The pictures get dropped, while every remaining part of the listing is copied exactly.
[GIVEN INFORMATION — start]
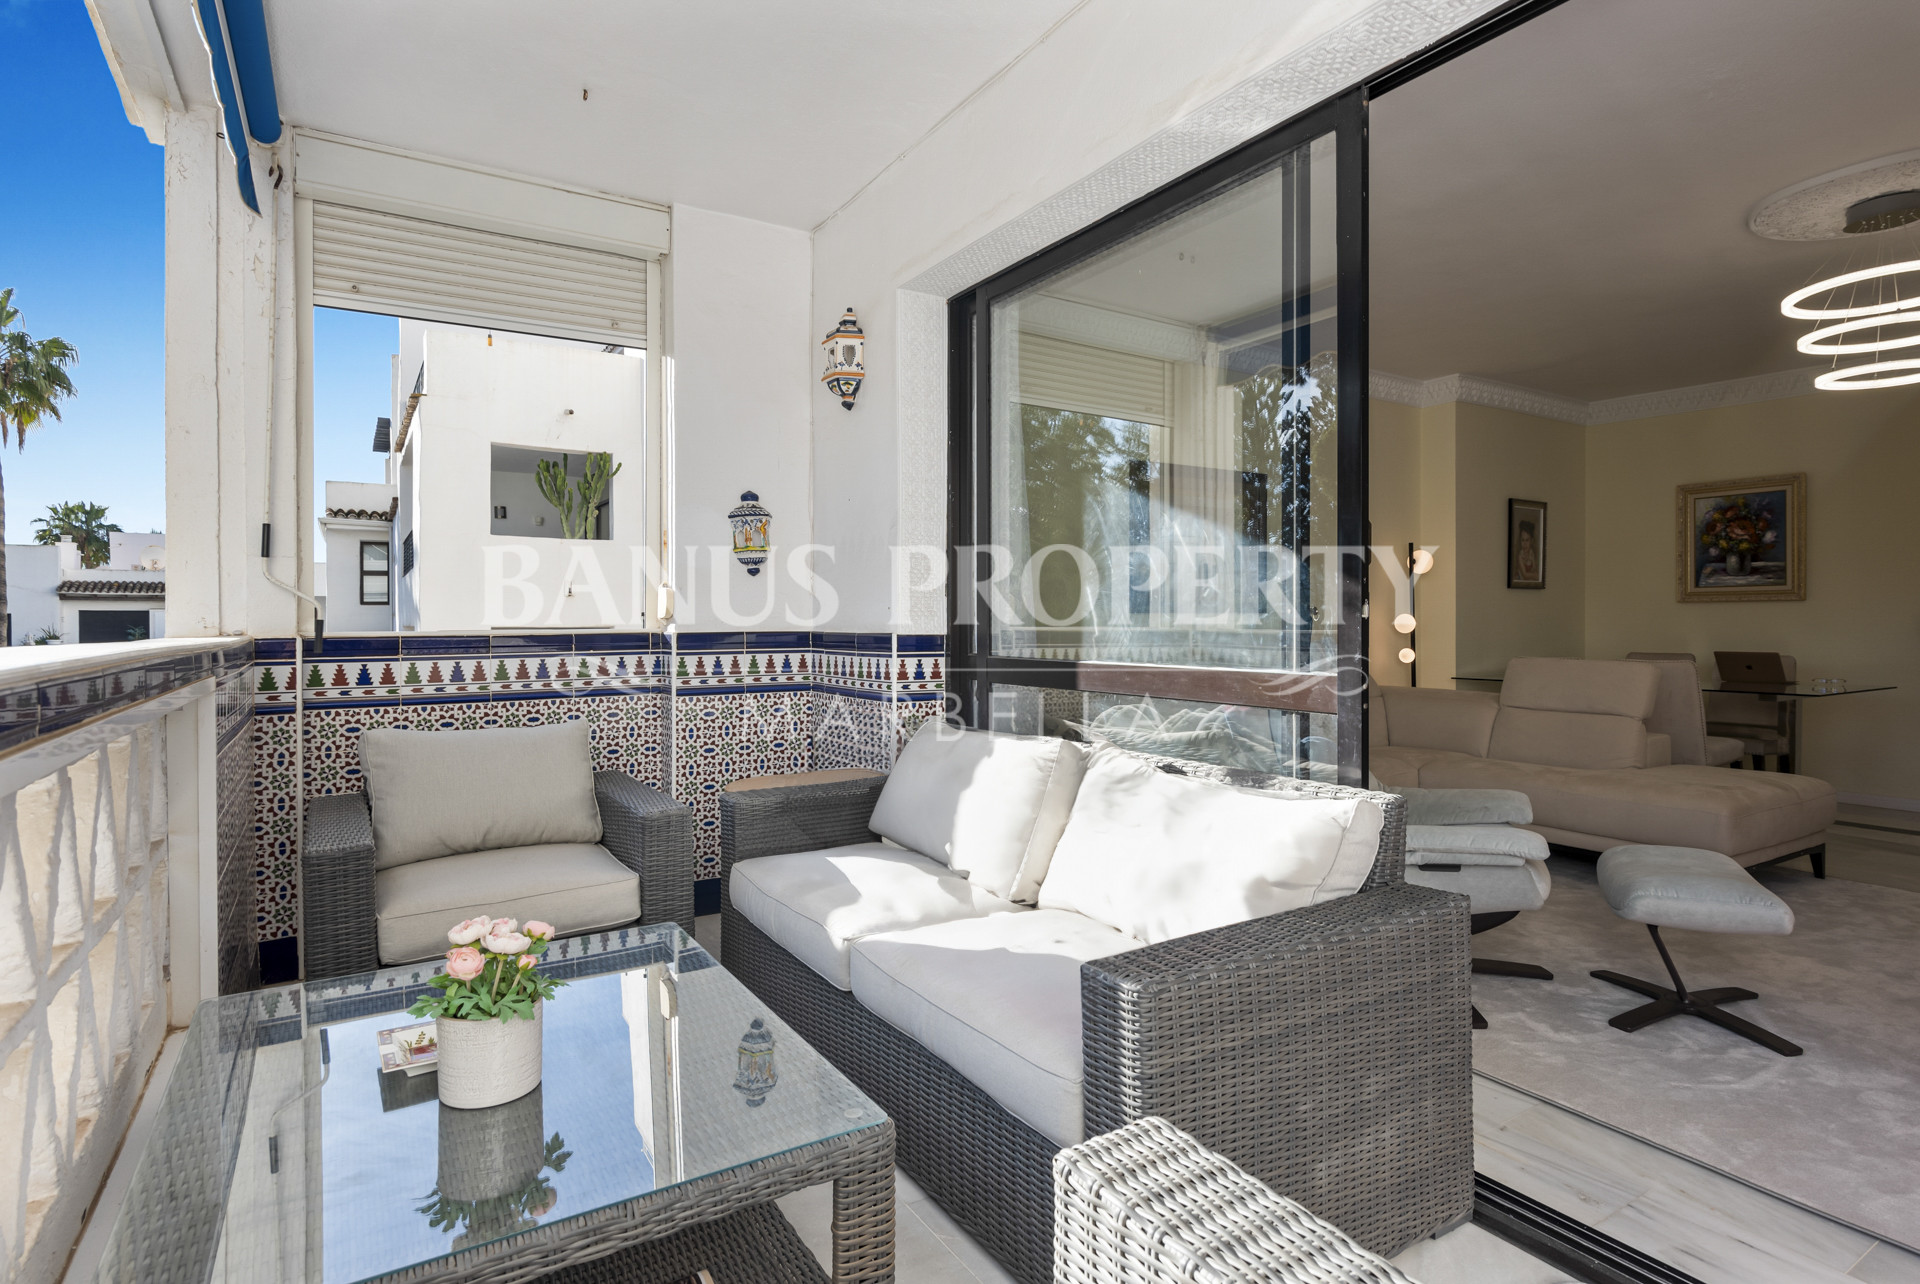 2- Bed- Apartment in with garden views in Playas del Duque- Puerto Banus
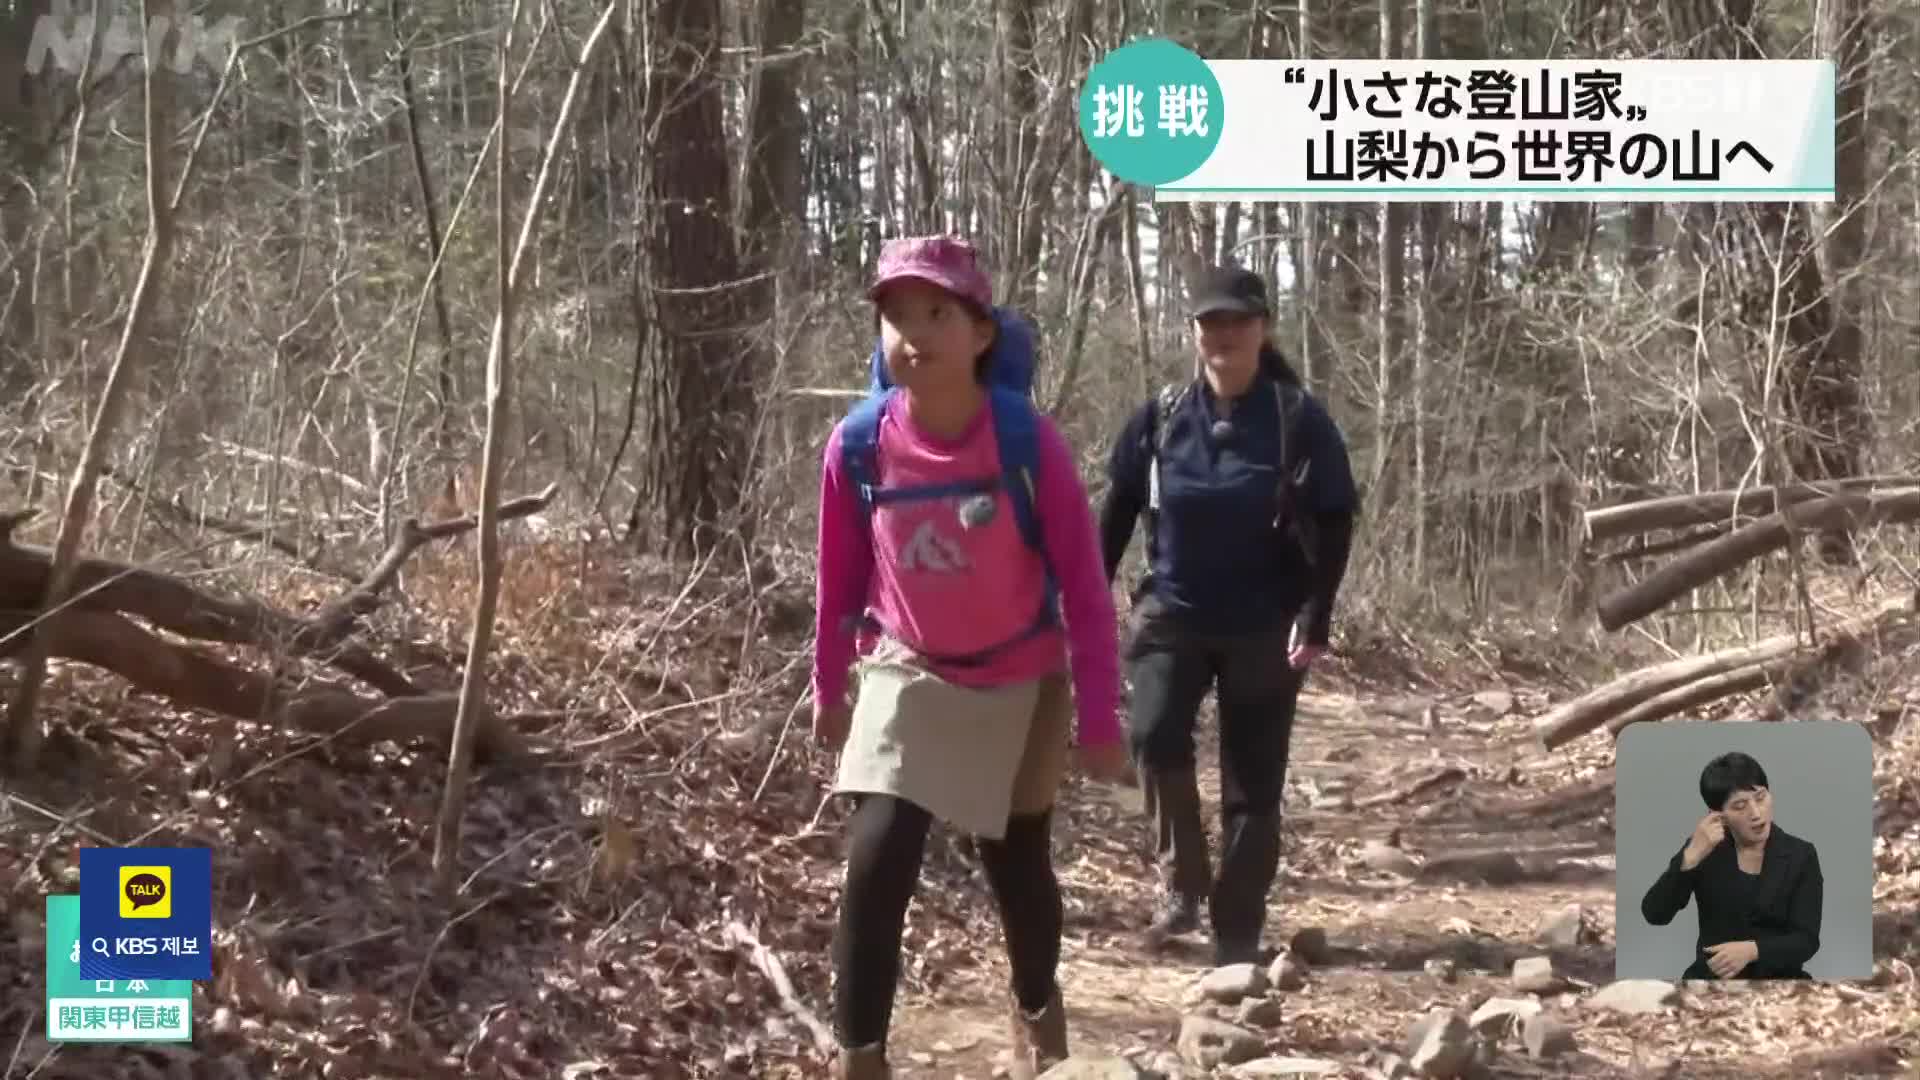 일본, 킬리만자로 등반에 도전하는 초등학생 등산가
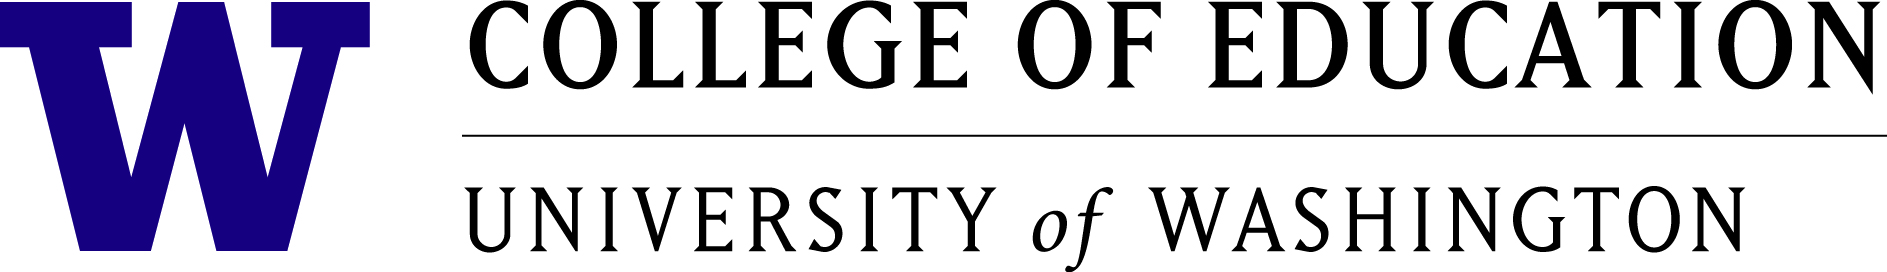 University of Washington, College of Education logo
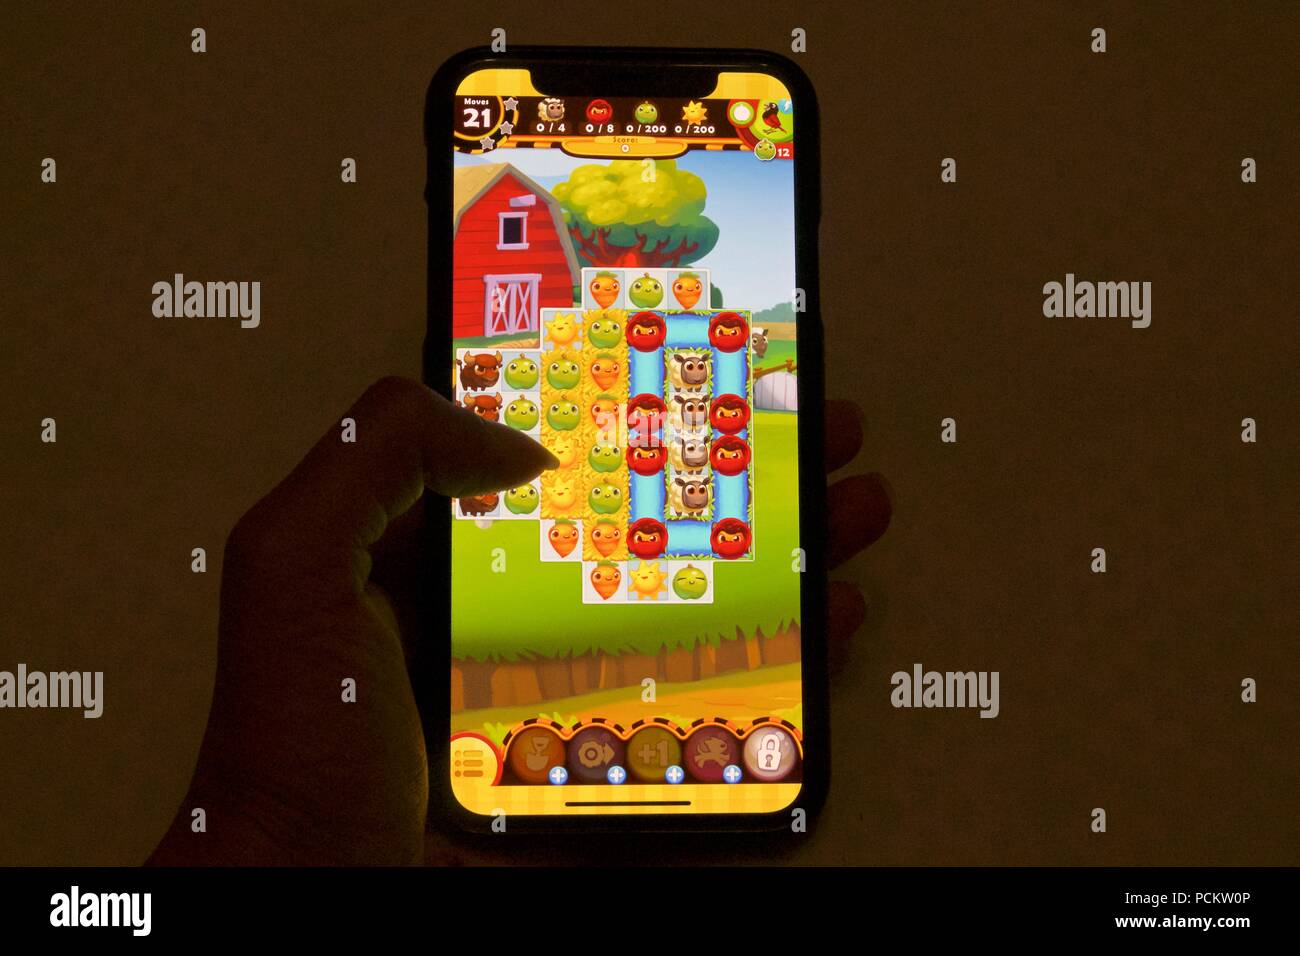 Agriturismo Saga degli Eroi, una fattoria themed match 3 puzzle game realizzato da re, su un iPhone x Foto Stock
[GIVEN INFORMATION — finish]
TASK SOLUTION
 2- Bed- Apartment in with garden views in Playas del Duque- Puerto Banus
 일본, 킬리만자로 등반에 도전하는 초등학생 등산가
 University of Washington, College of Education logo
 Agriturismo Saga degli Eroi, una fattoria themed match 3 puzzle game realizzato da re, su un iPhone x Foto Stock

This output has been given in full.